_WHAT IS REQUIRED_
Reproduce the listing below from the line with "Sport-Tek Men's Tall" to the line with "Persuasió Jane Austen ressenya", both lines included, character for character, minus any pictures.

_THE DATA_

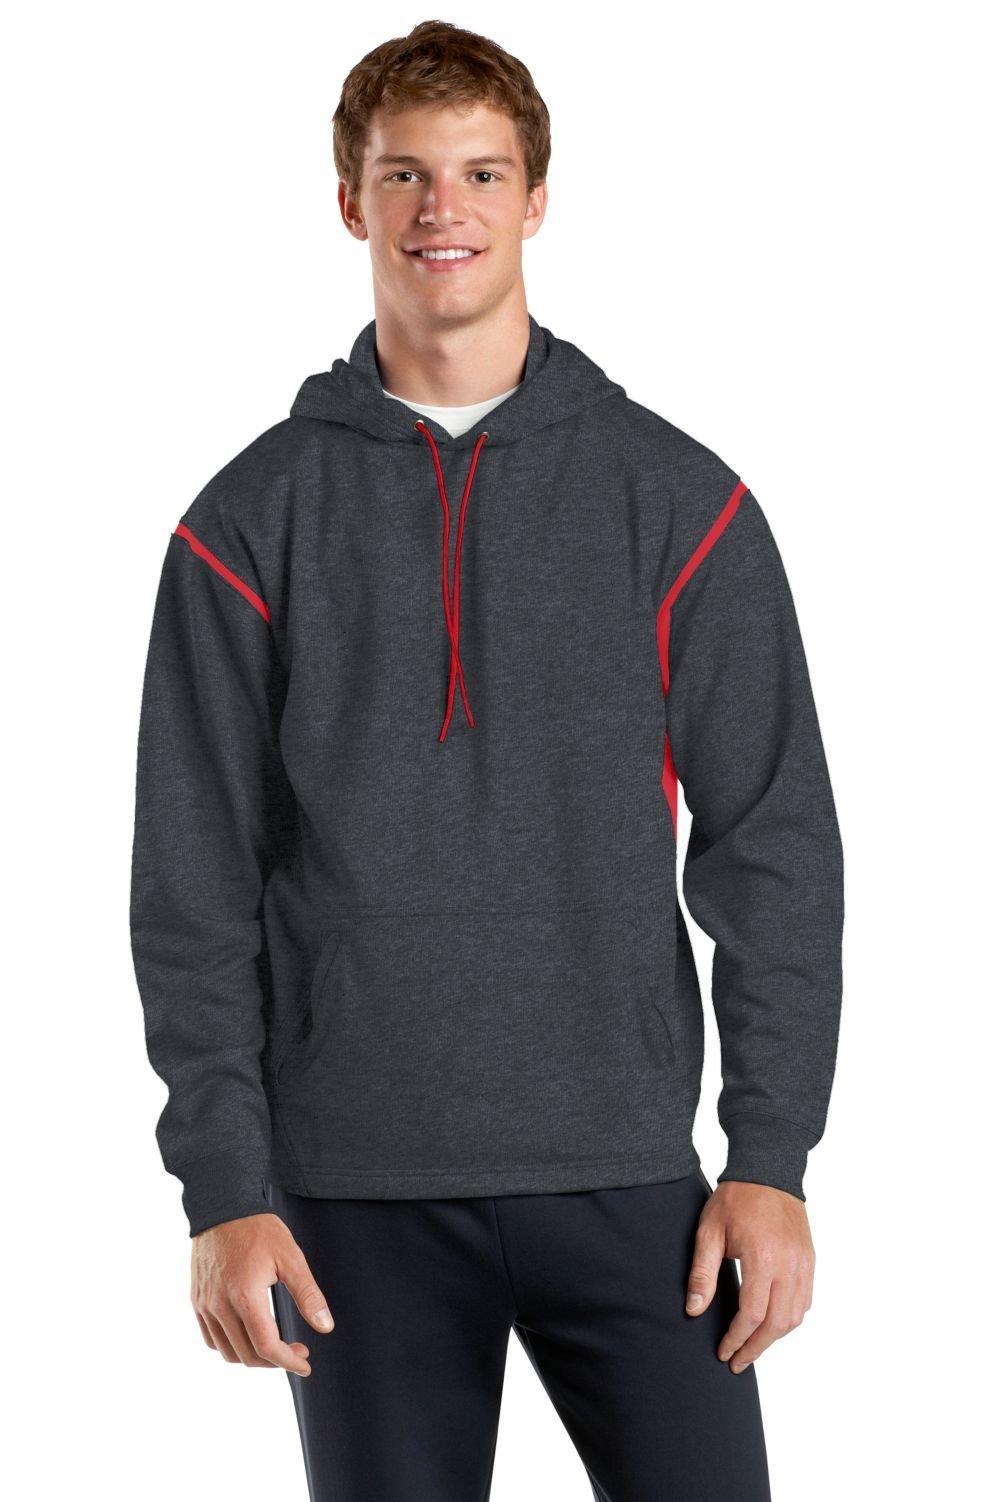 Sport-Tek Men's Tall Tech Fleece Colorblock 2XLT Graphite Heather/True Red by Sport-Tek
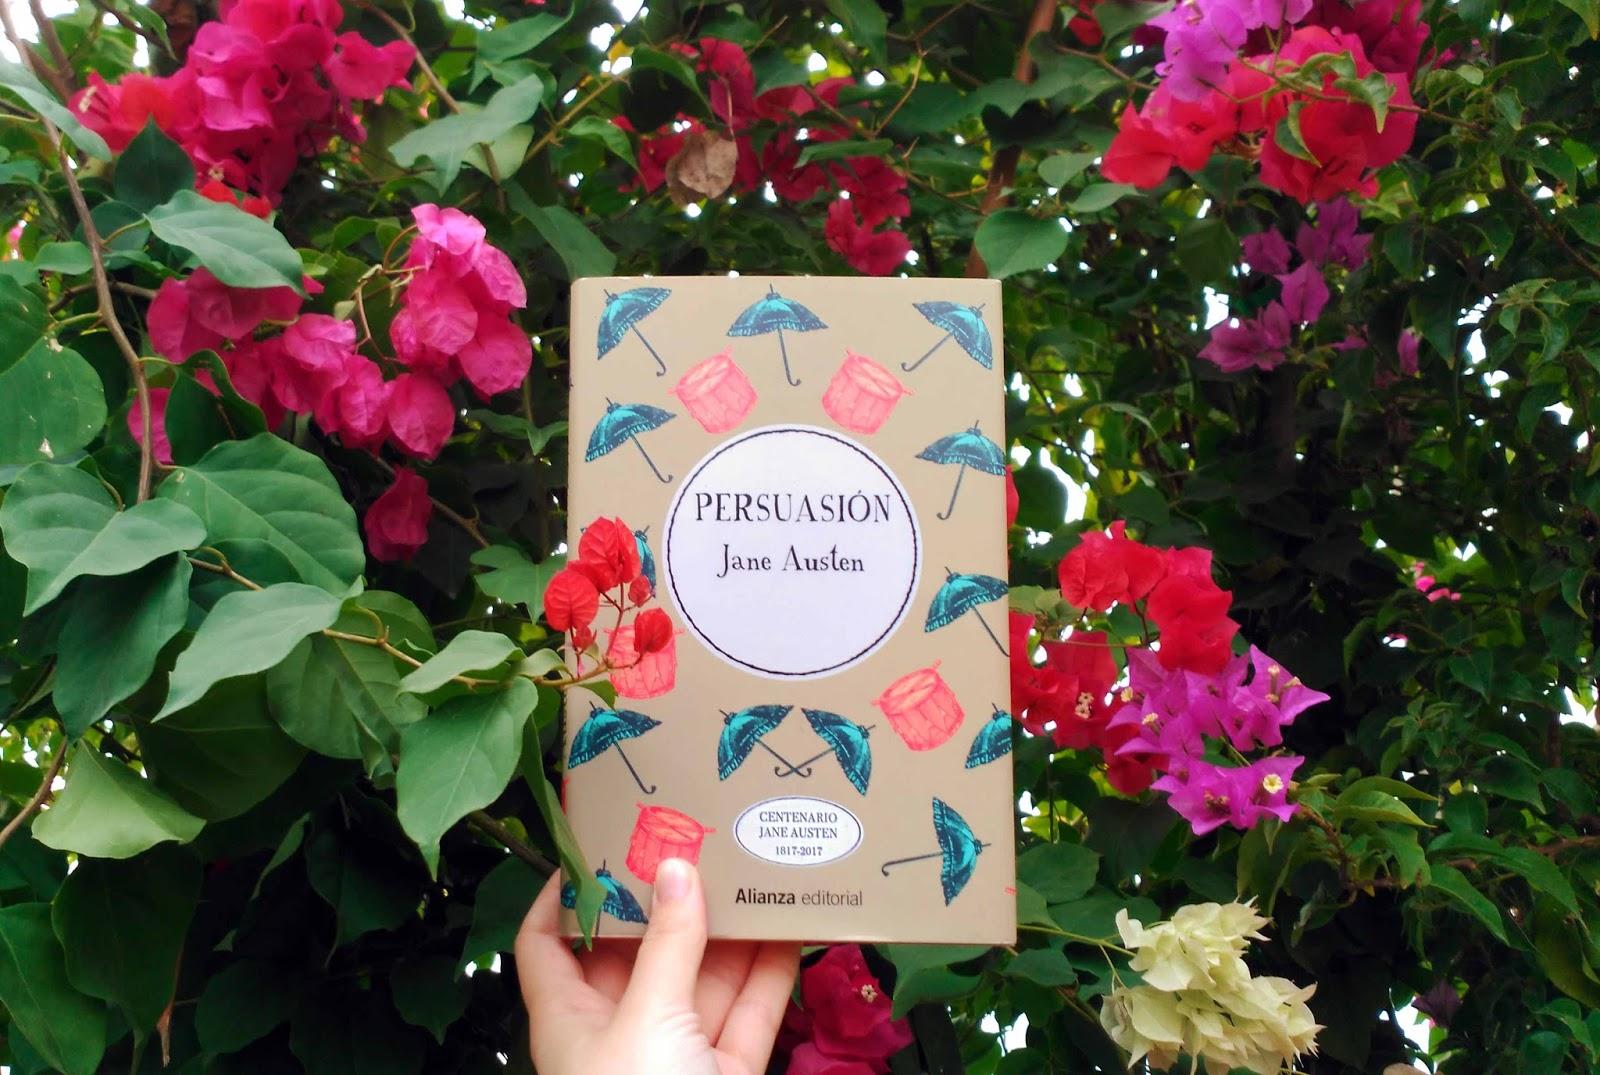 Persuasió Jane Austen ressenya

==

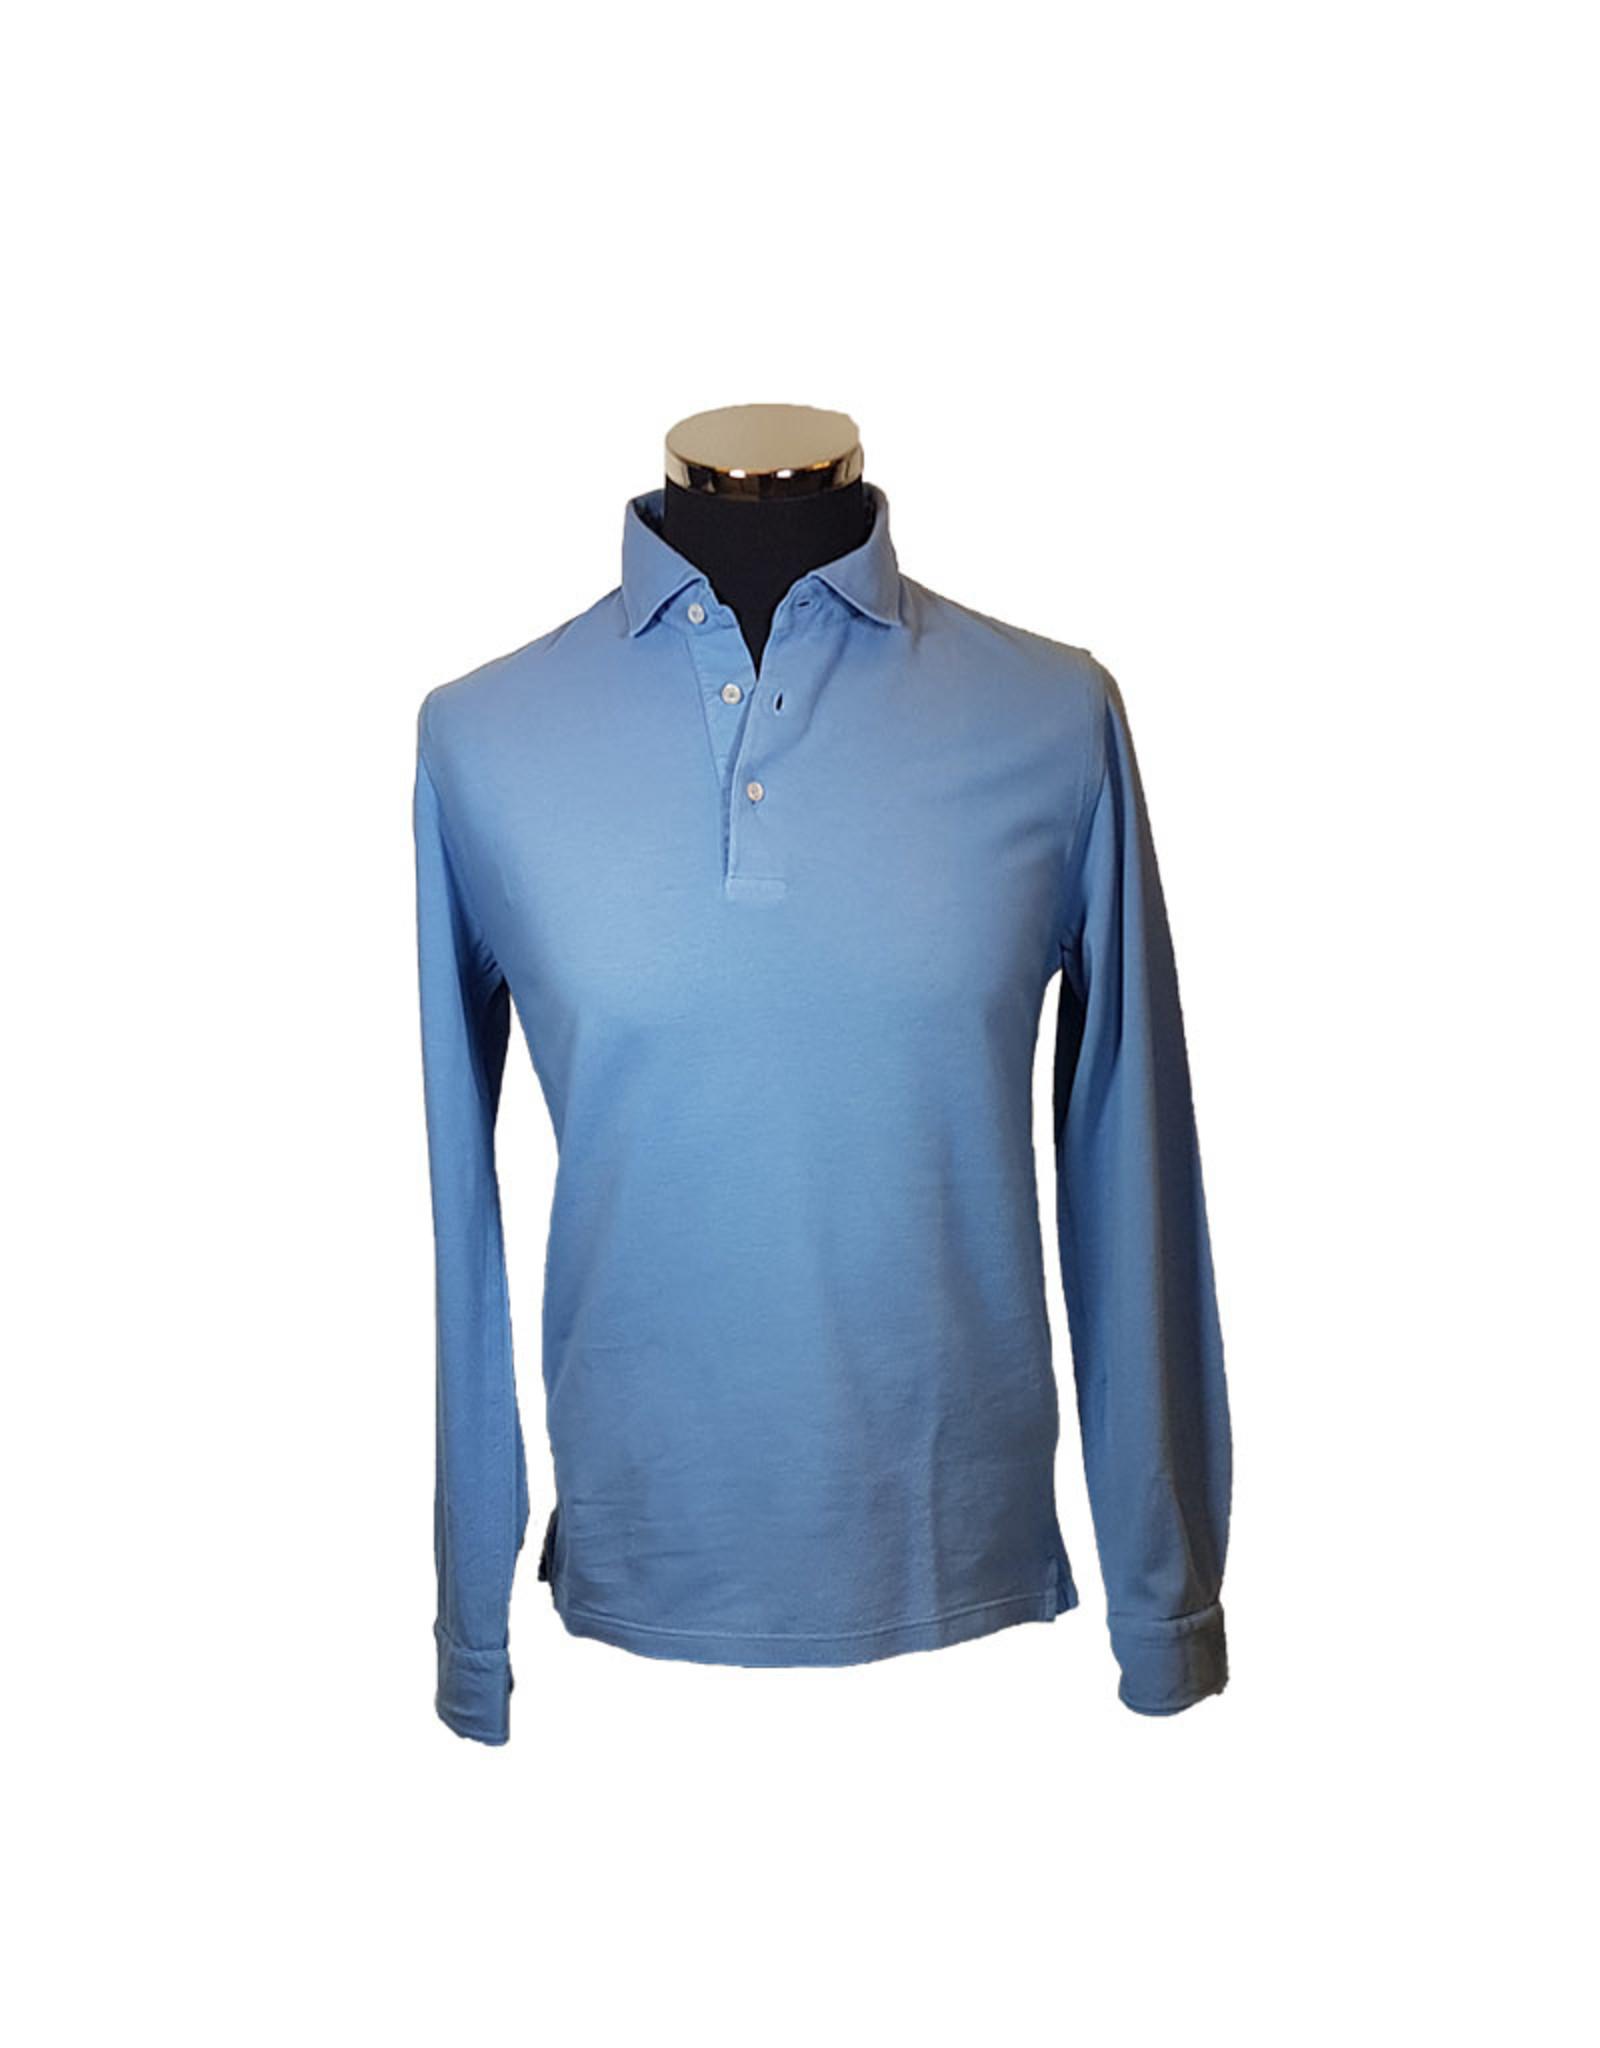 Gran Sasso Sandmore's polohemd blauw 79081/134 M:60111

_RESULT OF THIS TASK_
 Sport-Tek Men's Tall Tech Fleece Colorblock 2XLT Graphite Heather/True Red by Sport-Tek
 Persuasió Jane Austen ressenya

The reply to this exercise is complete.